O prefeito de Londres, Ken Livingstone, acredita que o desenvolvimento da cidade no século XXI precisa ser tão audacioso quanto, por exemplo, no caso da arquitetura vitoriana. Segundo o prefeito, as propostas de edifícios altos dos mais variados gabaritos devem ser consideradas sob o aspecto positivo que o processo de verticalização é capaz de acrescentar ao caráter internacional de Londres e suas atuais demandas, principalmente as geradas por pressões econômicas e demográficas.
Só em 2001 foram realizados três eventos interdisciplinares em Londres para a troca de conhecimento especializado sobre a questão da verticalização. Em maio, o Royal Institute of British Architects (RIBA) promoveu o debate Tall Storeys. Em dezembro, a London School of Economics and Political Science (LSE) organizou o seminário Tall Buildings in London. No mesmo mês, o Council on Tall Buildings and Urban Habitat (CTBUH) reuniu especialistas e convidados na conferência Buildings for the 21th Century.
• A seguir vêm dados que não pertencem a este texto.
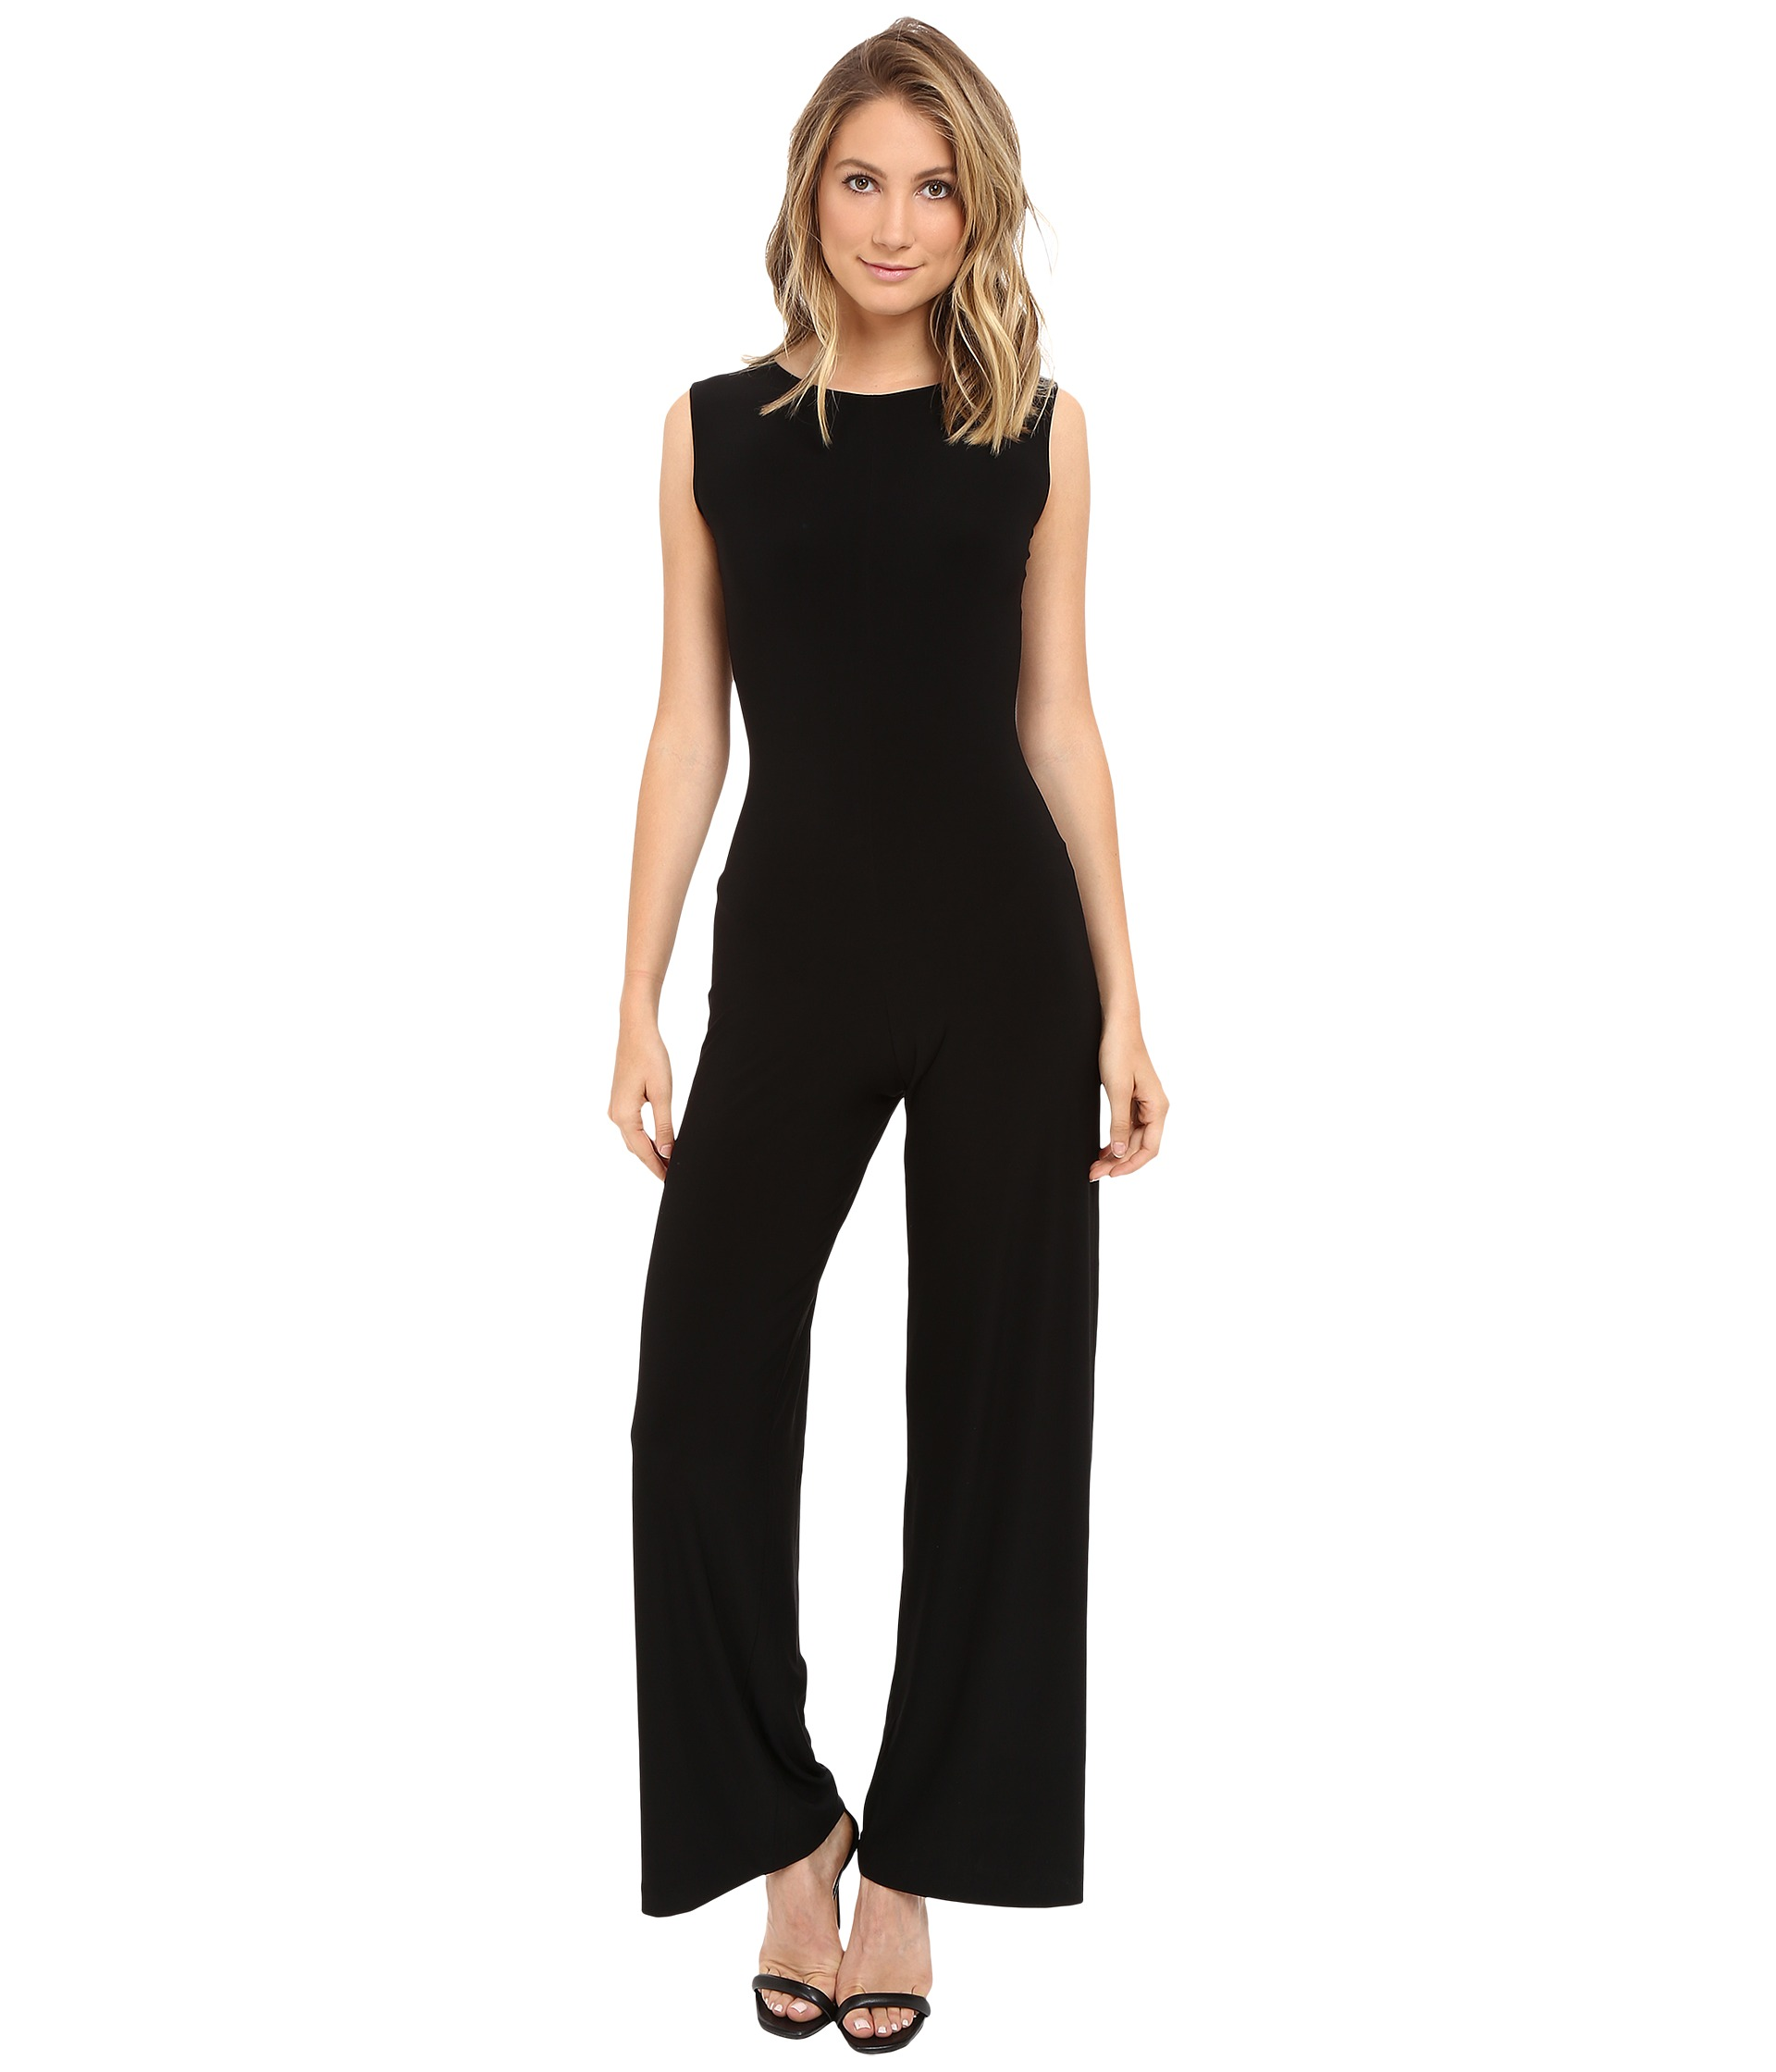 Kamalikulture Sleeveless Jumpsuit Clothing Women | Shipped Free At Zappos
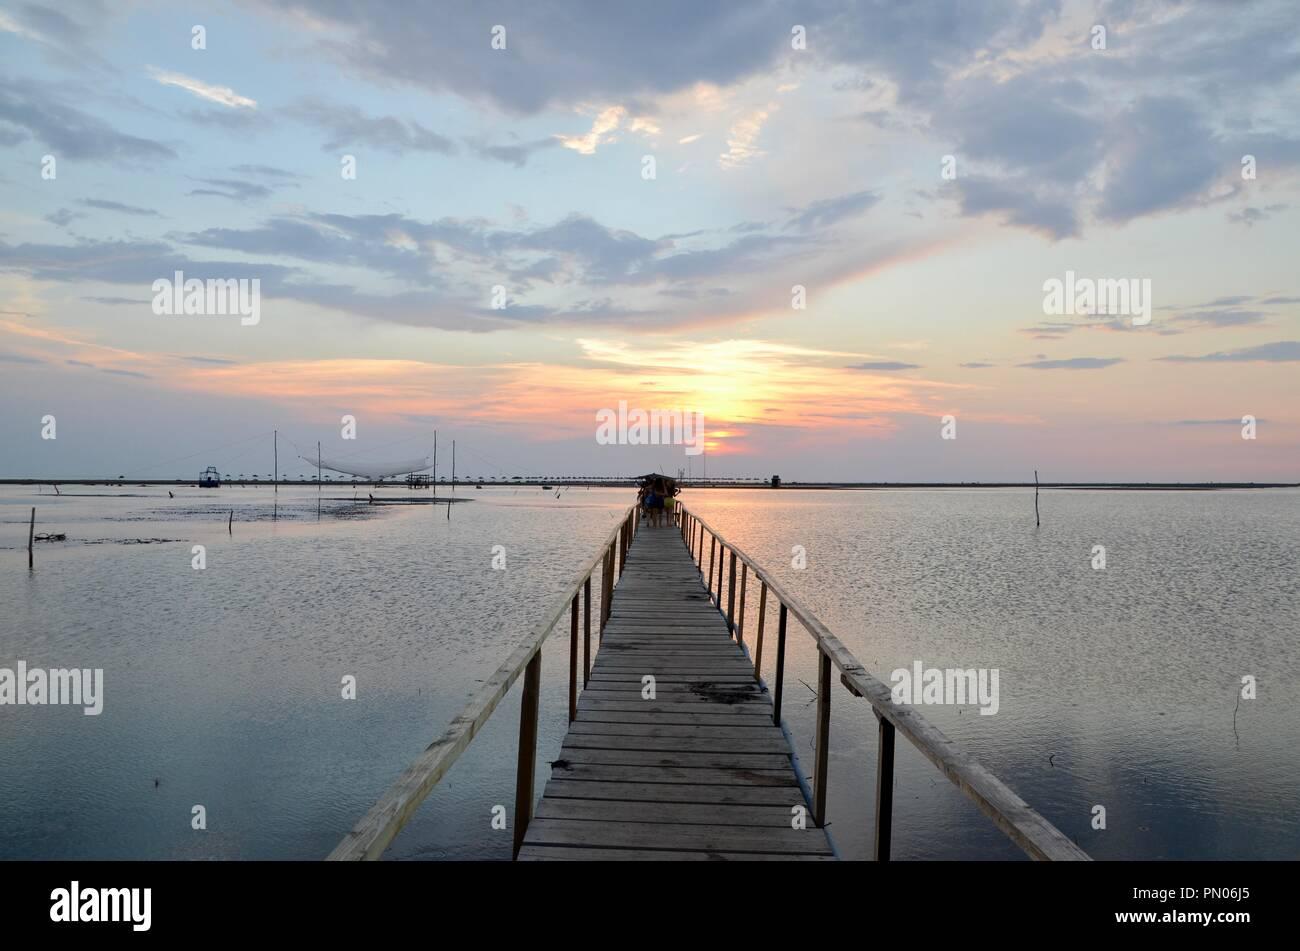 sunsetting over wooden bridge the sea in divjake resort albania - Stock Image

Londres, a cidade mais cosmopolita de todas, é também a maior cidade da Europa, com 7,5 milhões de habitantes ocupando uma área de 1,6 mil km2, numa densidade de 50 pessoas/acre (Department of the Environment, Transport and the Regions of London, 1999). Em termos globais, esses números caracterizam Londres como uma cidade de densidade média, além de apontar para um problema grave: o espalhamento da mancha urbana, incorrendo diretamente na ineficiência da infra-estrutura de serviços da cidade e na degradação das áreas naturais periféricas.
No contexto da União Européia, Londres integra a área metropolitana da Europa Noroeste, que inclui Paris, Amsterdã, Rotterdam e as cidades ao longo dos rios Rhine e Ruhr. É a região economicamente mais forte da Europa, contendo perto de um terço da população européia. Com a globalização da economia e o impacto do desenvolvimento da tecnologia de transportes, as áreas metropolitanas lideradas por esses centros urbanos se tornaram bem mais interdependentes, tendo Londres como centro financeiro dominante.
No contexto internacional, Londres é uma das três cidades Nova York e Tóquio são as outras duas classificadas como world cities, "cidades do mundo", ou "cidades globais", terminologia utilizada para definir grandes centros urbanos que, atualmente, polarizam a macroeconomia mundial.
As pressões da globalização têm forçado mudanças de atitude na sociedade de Londres. Preocupações com o meio ambiente e o uso mais eficiente de recursos e materiais começam a despontar com força nos planos de políticas públicas. O grande desafio é fomentar o crescimento da economia e a acomodação do acréscimo demográfico, provendo ao mesmo tempo melhoria na qualidade das edificações, no espaço público e na infra-estrutura da cidade.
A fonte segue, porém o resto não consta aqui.